How to complete this task:
Below are entries with pictures in them. Output exactly the lines starting at the line with "Areas To Avoid" and ending at the line with "An antique French", both included, but not the pictures.

Given records:
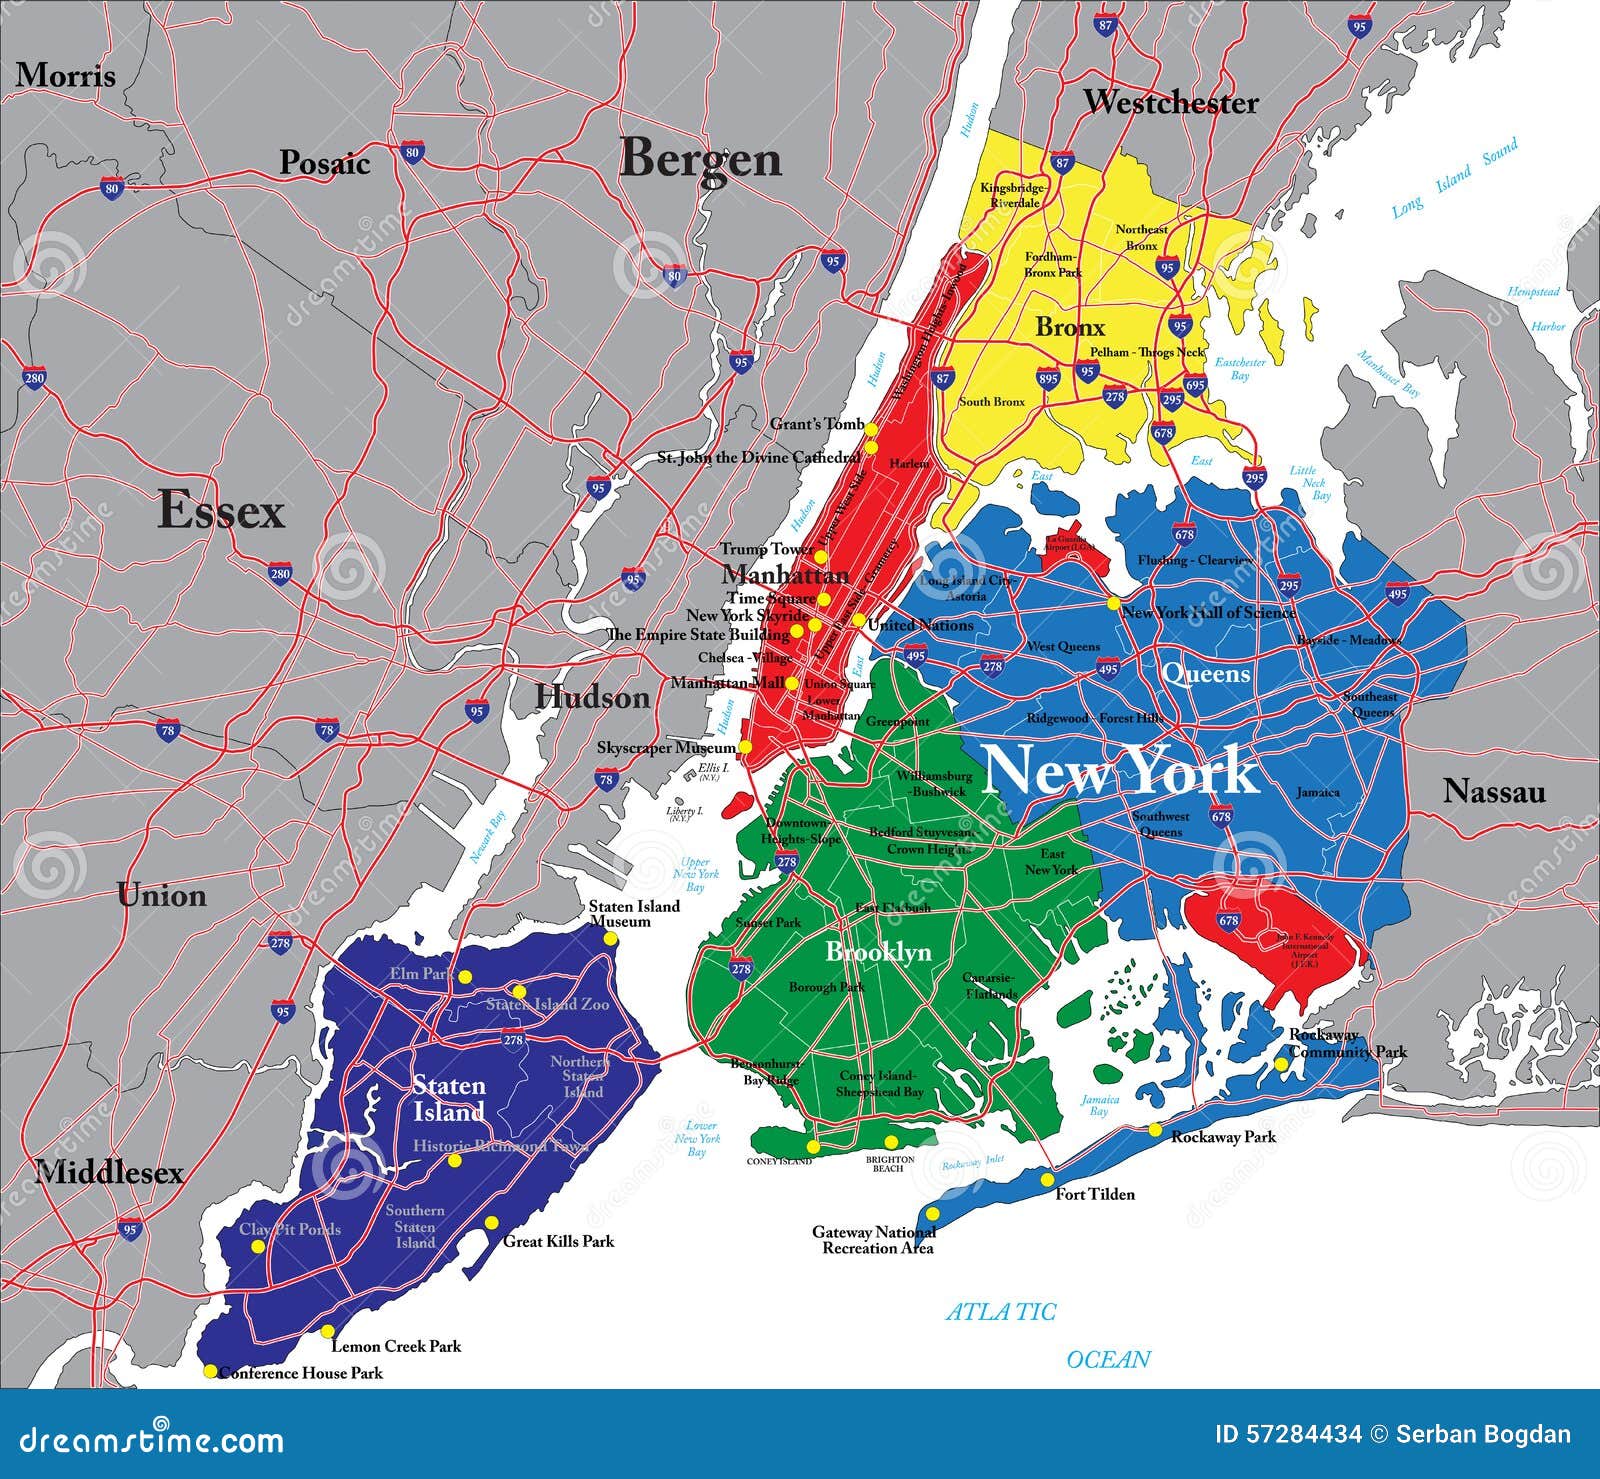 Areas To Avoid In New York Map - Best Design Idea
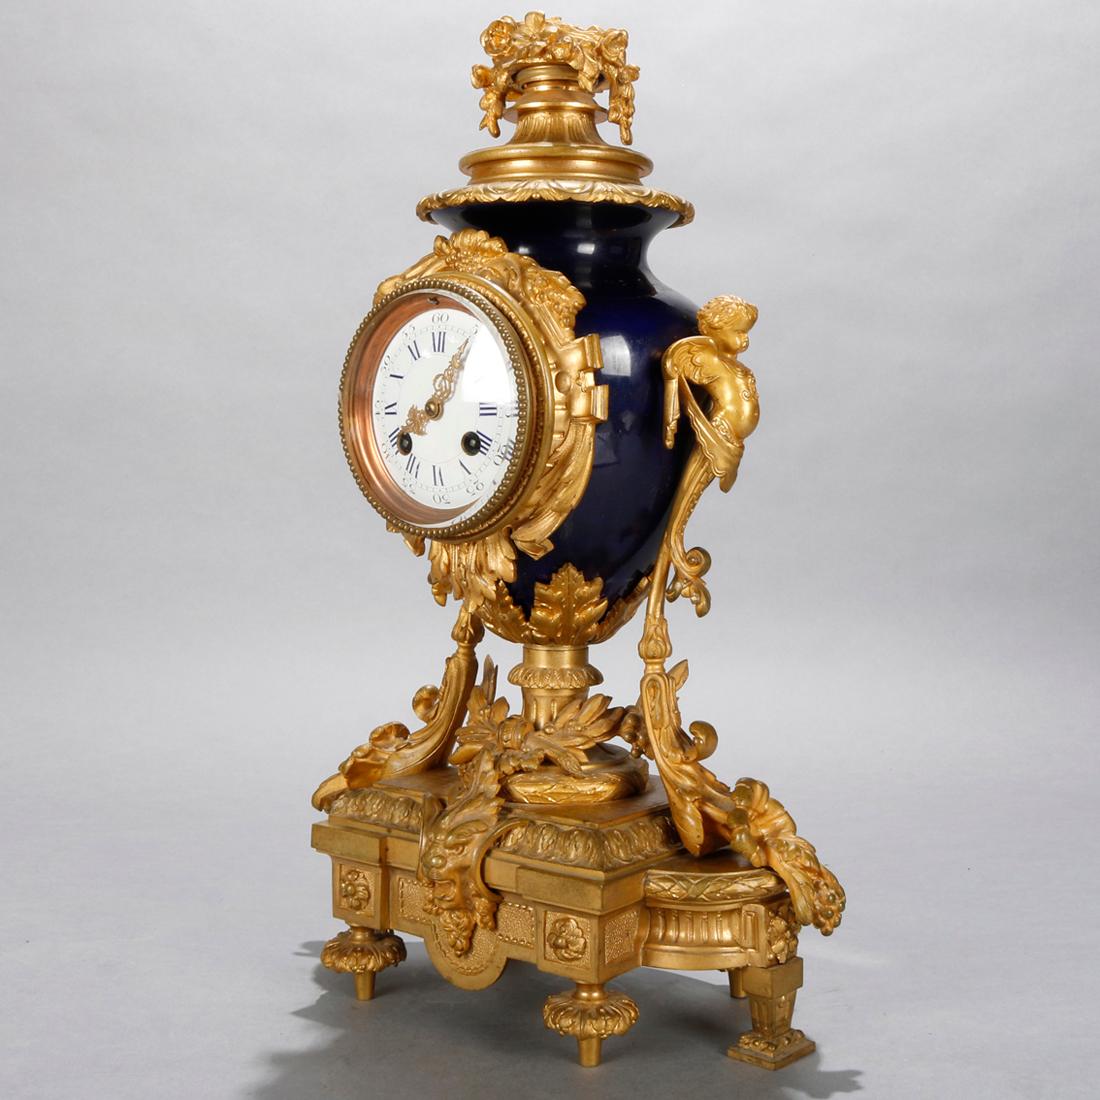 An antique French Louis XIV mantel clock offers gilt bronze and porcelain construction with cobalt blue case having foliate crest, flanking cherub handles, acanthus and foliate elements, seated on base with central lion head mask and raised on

--

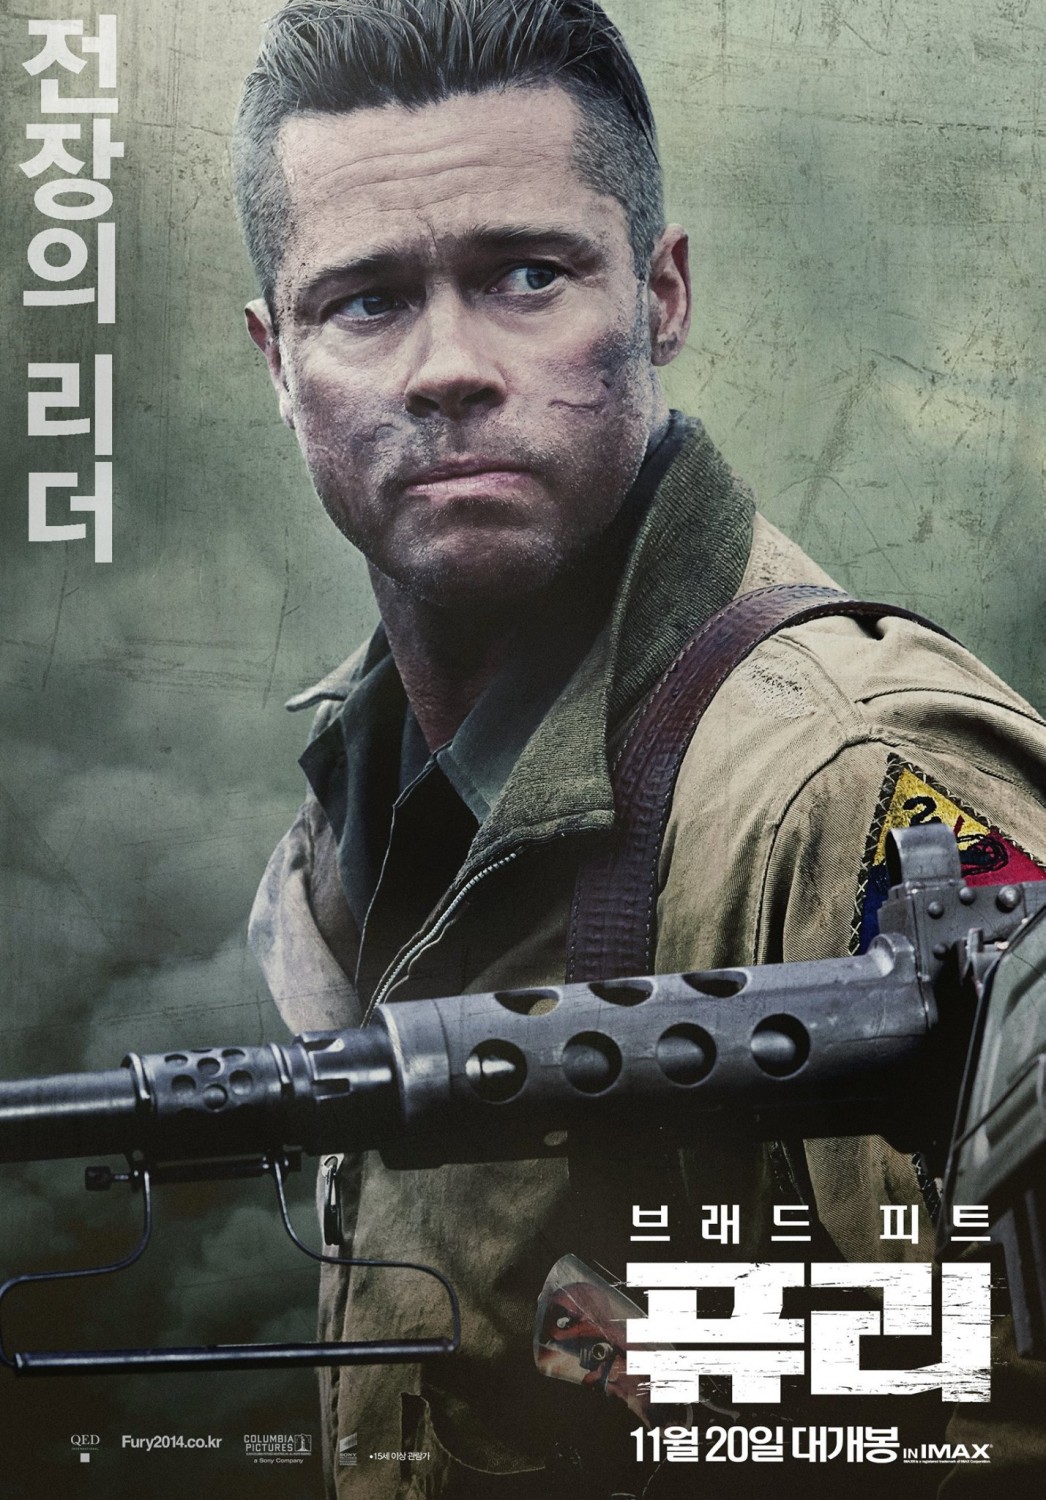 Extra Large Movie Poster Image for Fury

* * *

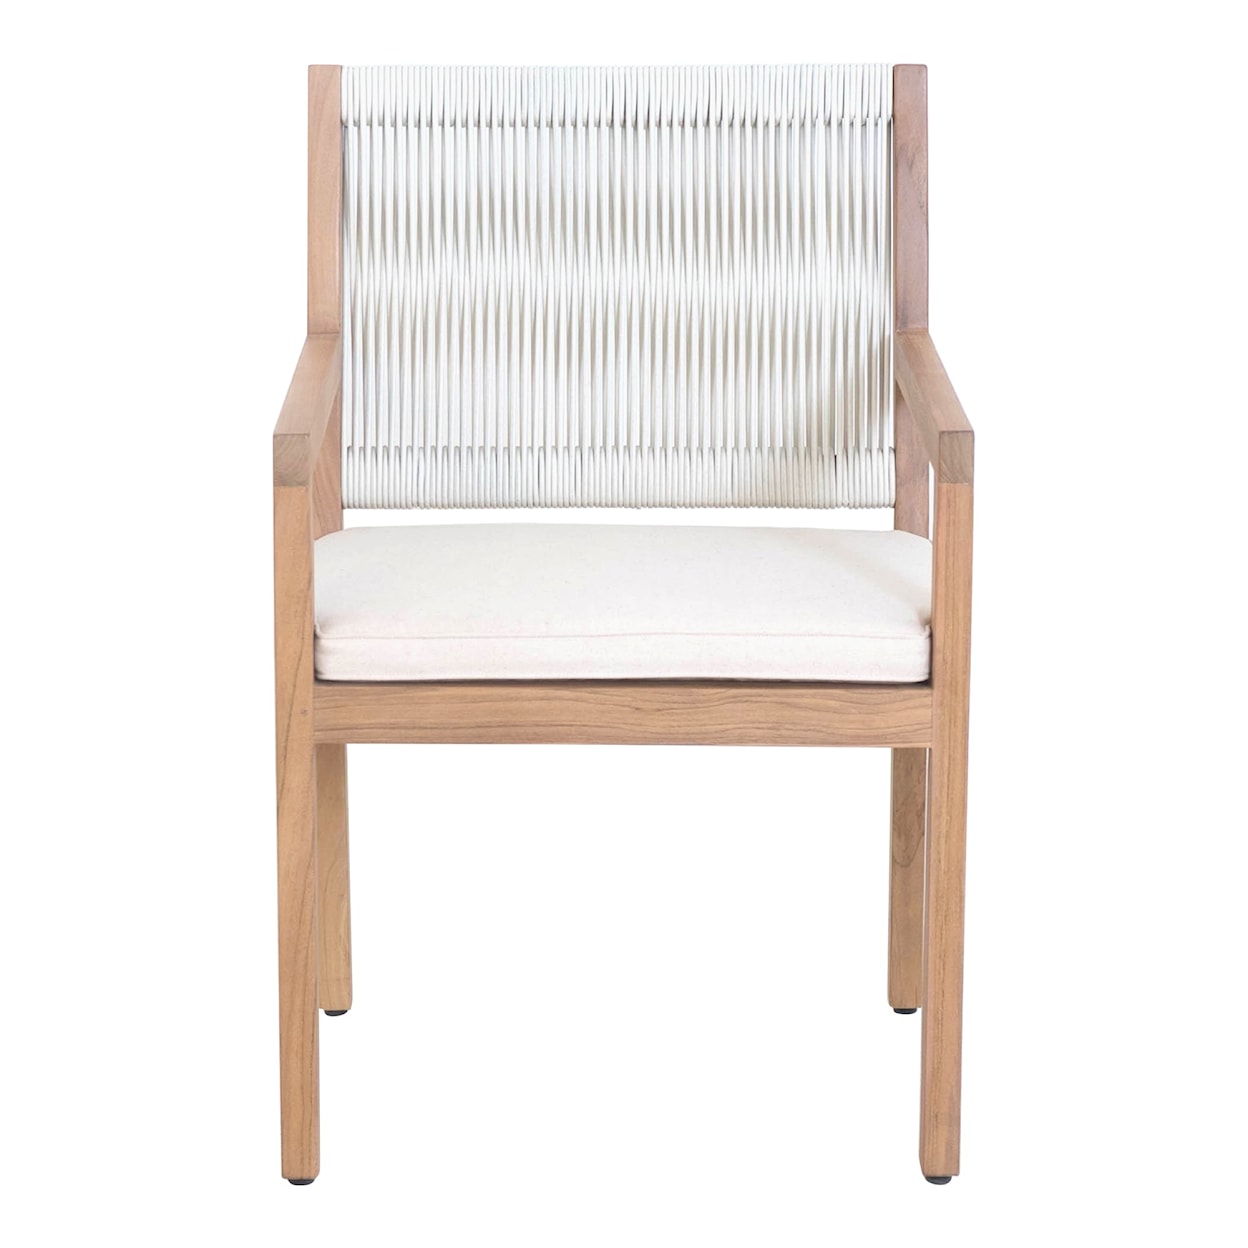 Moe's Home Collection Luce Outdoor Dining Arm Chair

Response to the exercise:
 Areas To Avoid In New York Map - Best Design Idea
 An antique French Louis XIV mantel clock offers gilt bronze and porcelain construction with cobalt blue case having foliate crest, flanking cherub handles, acanthus and foliate elements, seated on base with central lion head mask and raised on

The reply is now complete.